2009 - André Téchiné
Jeanne habite seule avec sa mère. Un jour, alors qu'elle prospecte pour
trouver du travail, elle fait la connaissance de Franck. Rapidement, ils
s'installent ensemble dans une maison en tant que gardiens le temps de l'absence
du propriétaire. Tout se passait pour le mieux jusqu'à ce que Franck soit
poignardé : le magasin d'informatique juxtaposé à la maison était une couverture
pour faire passer de la drogue et Franck était au courant.
Ce drame va
profondément marquer Jeanne : son petit ami a failli mourir et va aller en
prison, et elle n'arrive pas trouver du travail. Pour des raisons
inexpliquées, Jeanne va inventer l'histoire d'une agression dans le RER qui n'a
jamais eu lieu.
Cette histoire est très librement inspirée de l'affaire de l'Agression du RER D de juillet
2004. Marie, une femme de 23 ans avait inventé une agression antisémite. Les
médias, le CRIF et les politiques se sont emballés dès qu'ils ont eu
connaissance de cette histoire. Ils confessaient leur indignation sur cet acte
antisémite, où une jeune femme s'est fait agresser par des jeunes de banlieue
alors qu'il n'y a rien eu.
Sans doute que la tentation du titre-choc du style "agression antissémite"
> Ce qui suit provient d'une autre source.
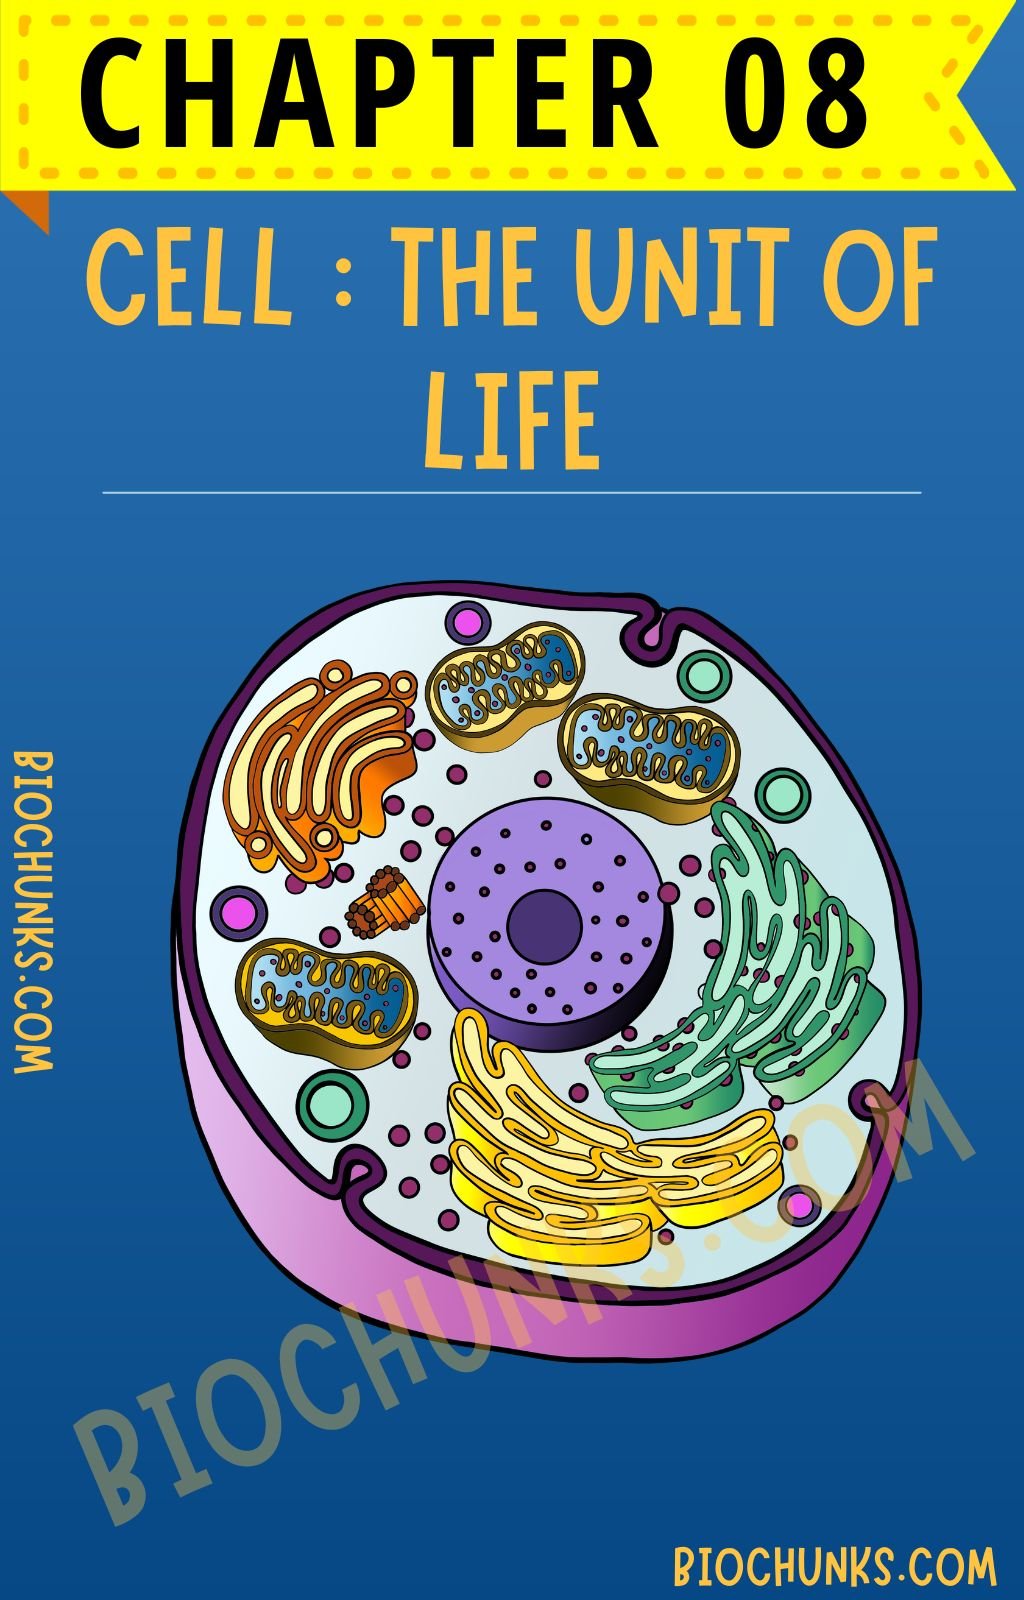 Cell : The Unit of Life Chapter 08 Class 11th biochunks.com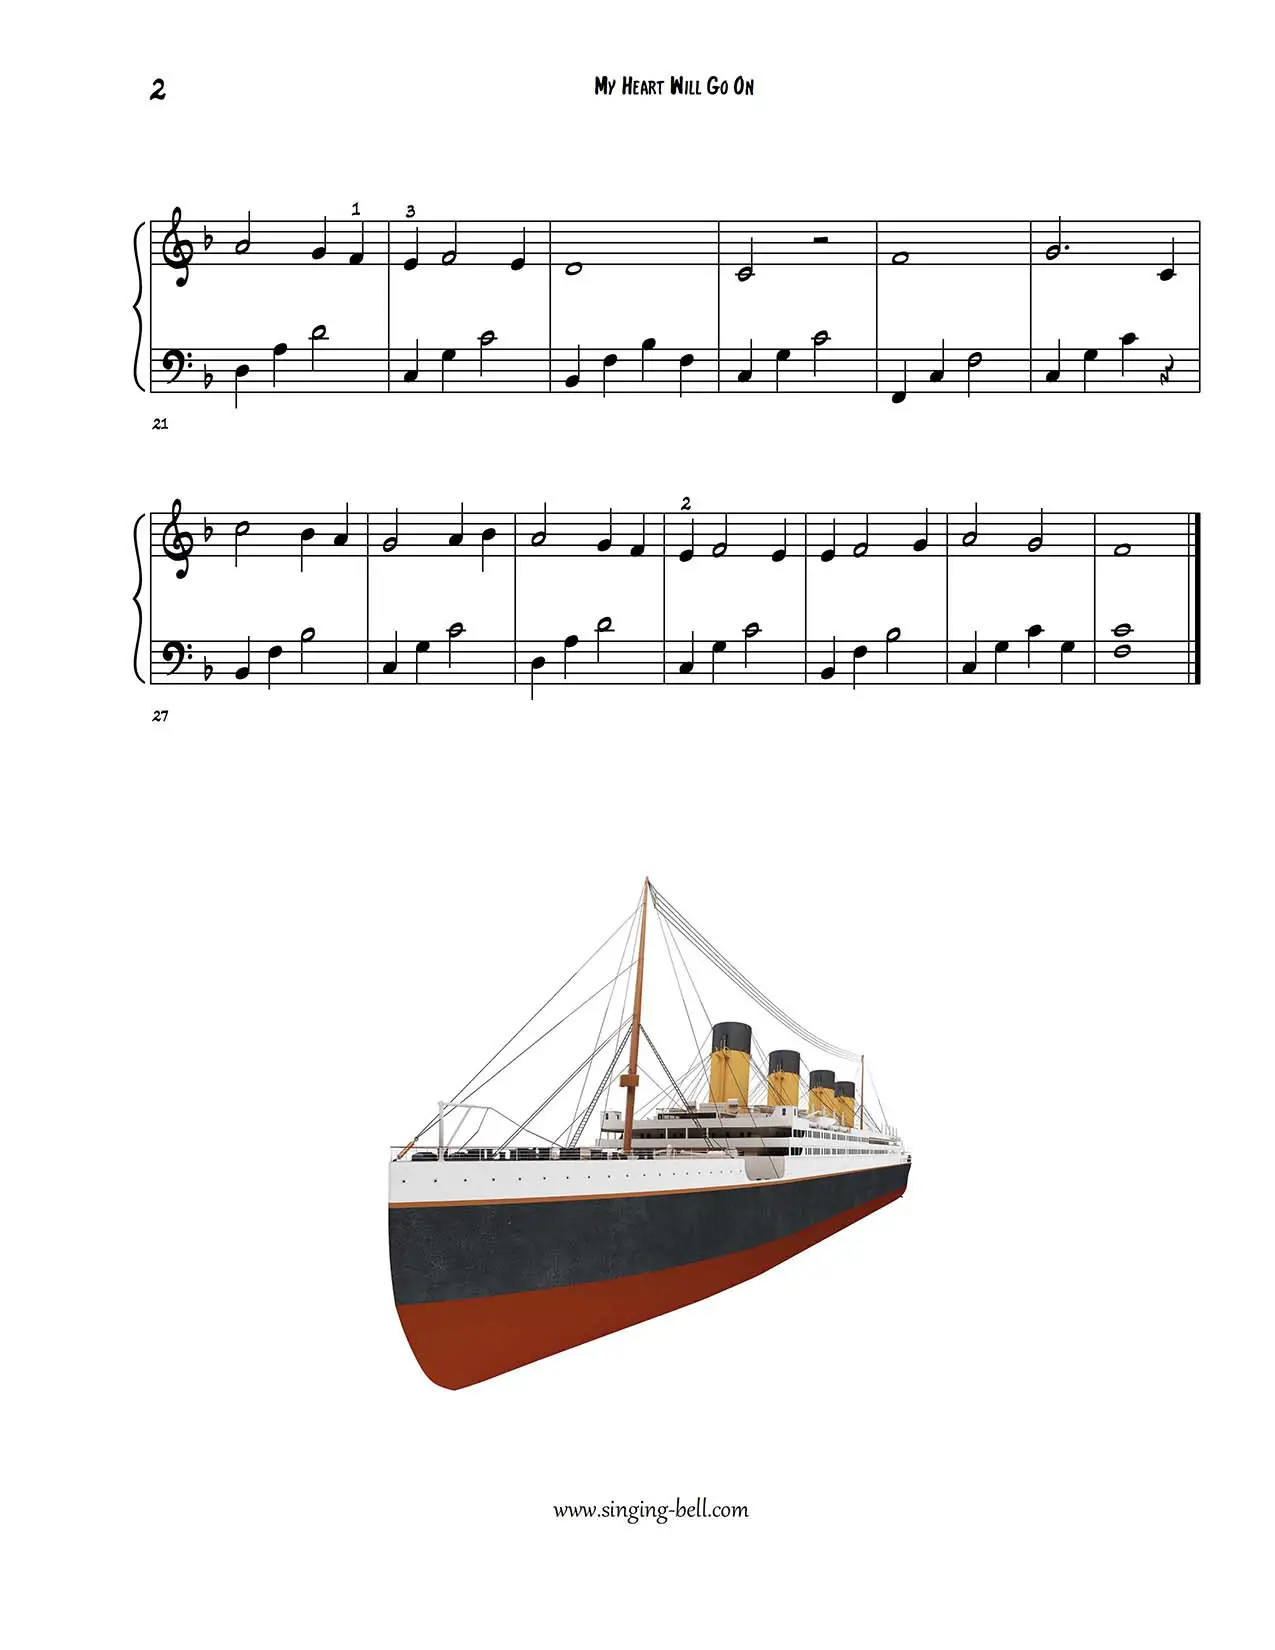 Titanic My Heart Will Go On easy piano sheet music p. 2 notes beginners pdf

était trop grande. L'antisémitisme évoque toujours une époque qui fait ressurgir les vieux démons. Une dépêche AFP a suffi pour mettre
tout le monde sur le pied de guerre, même lorsque les policiers ont émis des
doutes sur l'histoire de Marie.
Qui est le plus à blâmer dans cette histoire ? Marie, certainement perturbée, qui ne s'attendait pas à
un tel engouement médiatique, mais surtout la presse, les
politiques et les associations de droits de l'Homme qui n'ont pas pris les
précautions d'attendre des éléments concrets venant des enquêteurs.
Ce que dit un des
personnages dans le film illustre l'affaire :"c'est eux [l'État] qui ont
fabriqué cette affaire du RER".
Une fois que cette affaire a été mise au clair, les médias se sont retrouvés
comme des couillons à devoir s'excuser, même s'ils l'avouaient qu'à demi-mot.
Ils essayaient de minimiser l'importance des effets de cet engouement massif sur
un mensonge en affirmant que "personne n'a été stigmatisé". Pourtant, les
soi-disant agresseurs étaient selon la description de Marie Leblanc d'origine
maghrébine et venaient des banlieues et les journaux en ont parlé.
La chanson
du rapeur musulman Médine sur cette affaire est le témoignage d'une personne qui
a eu le sentiment d'être méprisé dans ce merdier.
Téchiné a donc mis en scène cette affaire médiatique et honteuse. La première
heure est laborieuse, une vraie romance à l'eau de rose. Jeanne est naïve et
rencontre son prince charmant. Cela devient intéressant quand elle crée son
mensonge. Le réalisateur reste concentré sur Jeanne, paumée, et son entourage durant
l'emballement médiatique qui les dépasse tous.
En revanche, il a créé une
autre histoire. Les protagonistes sont différents, les situations changent un
peu, mais le fond est reste. On aperçoit même des extraits télévisés
d'époque.
Après les très bons Les Témoins et Les Egarés, ce nouveau film est en demi-teinte. Cependant, il nous rappelle cette histoire et du danger de l'aliénation des médias.